I keep the faith that I'll eventually get this all written down because this story is now at least as real to me as my own life is, and I can't bear the thought that these people will only ever exist in my head. I want to help them out into the world and share them. Trying to pull it out of myself and into written form is what I do with the little unassigned time I have. I will always have a purpose in my life, because even if I have nothing else, I'll need to get this done.
And one day, you will get it done. It will happen. I have faith.
I keep the faith by never deleting any story, no matter how crappy I think it is, and by going back and writing just a little bit more, or fixing a thing. Sooner or later that way I finish some story or other. I'm not trying to be published anywhere other than my site any more - that helps me keep going too, and so does writing the stories I need to tell, whether or not I think that anyone else ever will want to read them or like them if they do.

I'm glad that you're keeping the faith, and I wish you good fortune with your writing and publishing. :-)
I'm with michelel72 to an extent. The Great American Novel, in it's 3rd complete retelling (which itself began in 1997- kinda' sad to see that written that down), is the story I used to play through when I had free time or was by myself in the car, etc. I, however, totally self-identify as a writer... who hasn't written anything complete since 1998 or so... Can you even be called a writer when you have to output to speak of for 6 years?

In my only-recent defense, I have a 1 year old. That accounts for about 2 years of non-productivity (pregnancy and I did not get along). The remaining 4 years of writer inactivity I blame on my husband. I had plenty of me time to write before him. And, I was just angsty enough to write dark poetry and character pieces. The GAN stopped production when we started dating, in part because I couldn't access the darker place I had been writing from. Silly happiness! Keeping a writer down!

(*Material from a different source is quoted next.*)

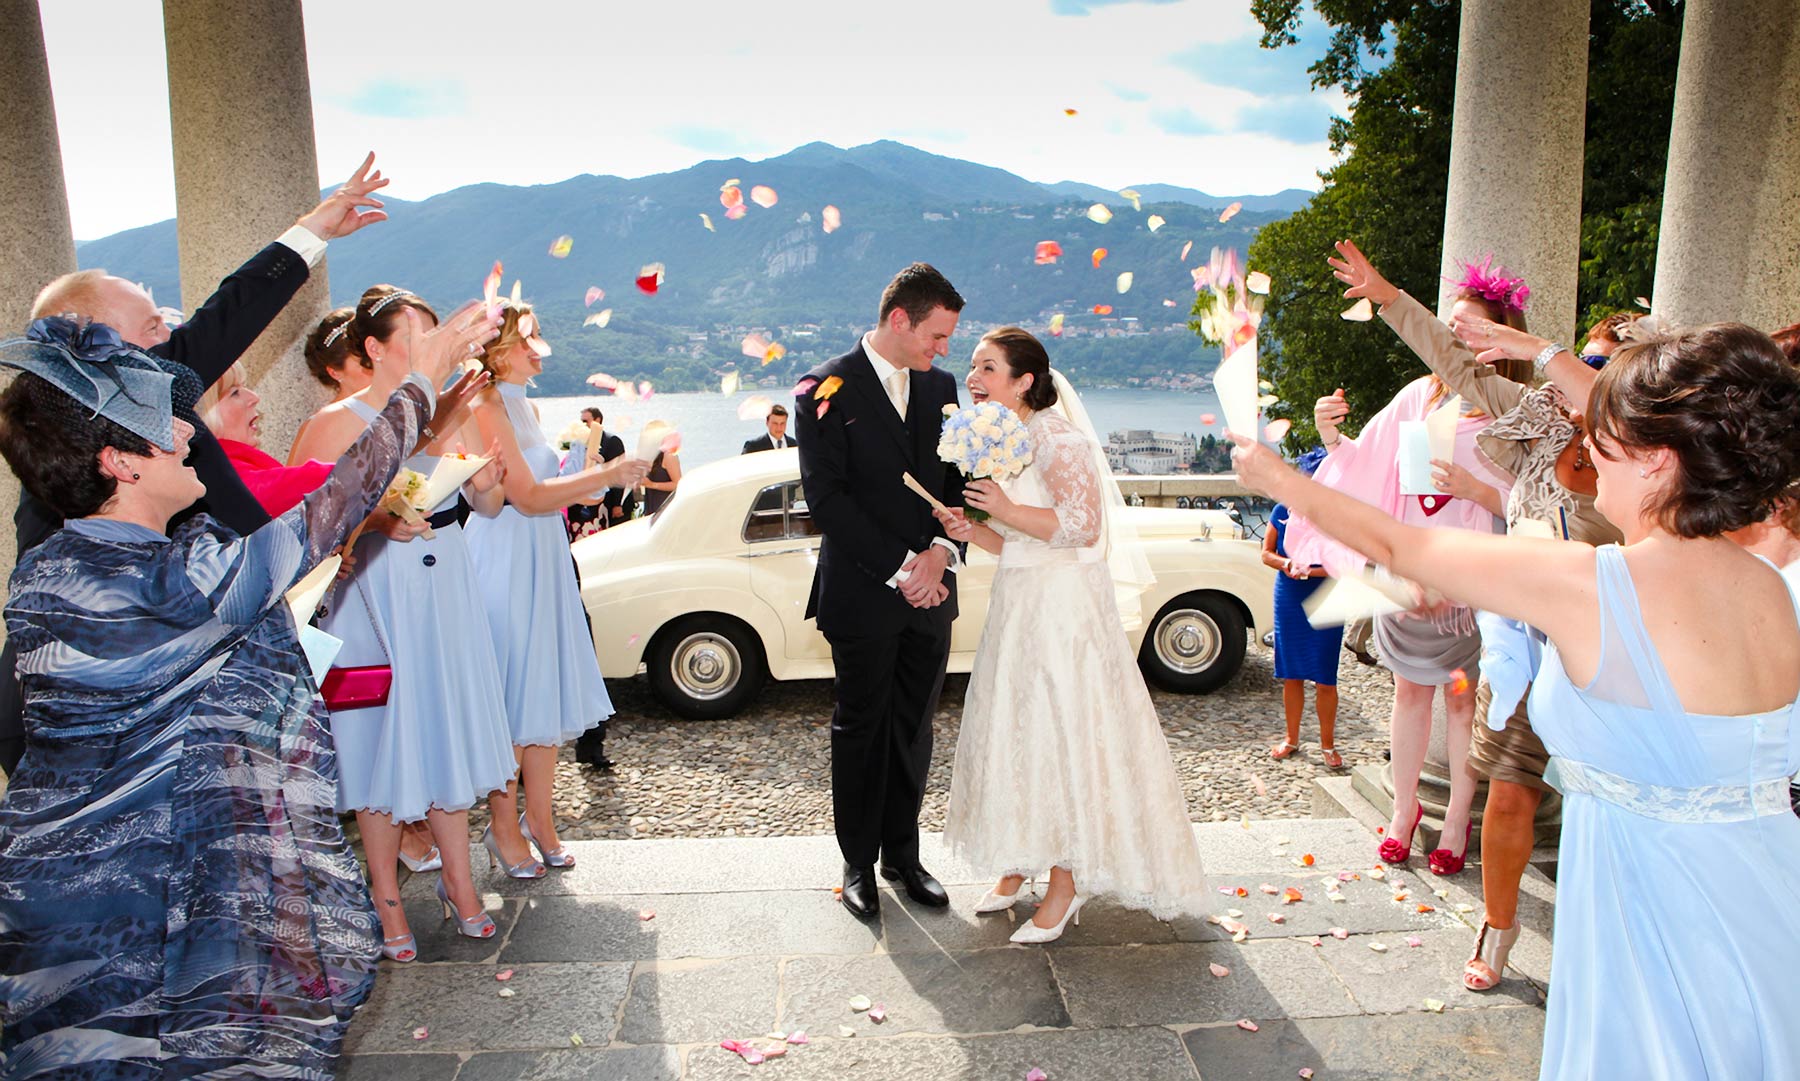 Catholic Wedding Ceremonies in Italy
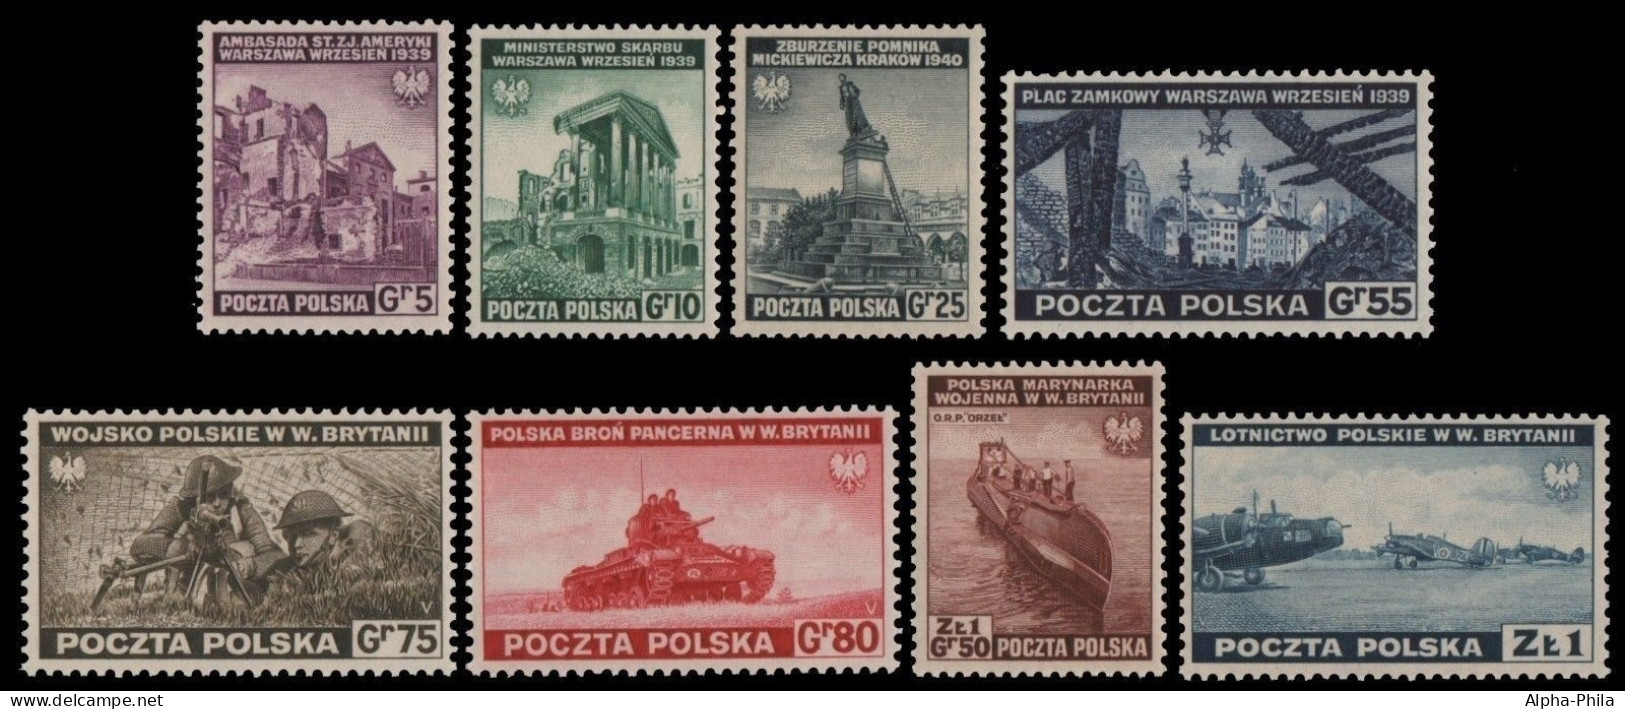 Polen 1941 - Mi-Nr. 360-367 ** - MNH - Kriegsszenen - Londoner Regierung (Exil)

So, you ask how to keep the faith as a writer. I'm not sure how I do it. I mean, as I stated earlier, I still self-identify as a writer. And someday, I will finish the masterwork and see how much rejection I can withstand over it. I periodically think about writing even just a small piece to stay sharp, but time gets away from me and nothing gets put to paper. I have even ocassionally resorted to rereading my old (gasp!) fanfiction pieces, trying to find the inspiration that used to drive me to sometimes crank out a piece a week. Pieces that I am still basically proud of, even if they tend toward the Mary Sue or slash, just because they had a tone or structure I liked. Which was what I ultimately wrote them for- practice. Oh, and the instant audience on the message boards.

I guess that is what keeps me going. I had an audience once. And I still look back fondly on what I've written. So I'm a writer that produces absolutely nothing- now.
I do self-identify as a writer (among other things), and if I'm a writer, then I'd better write.

This line struck me as a self-identifying writer who really hasn't written (well, not any fiction, anyway) in quite a while. It's time to remedy that. Thanks.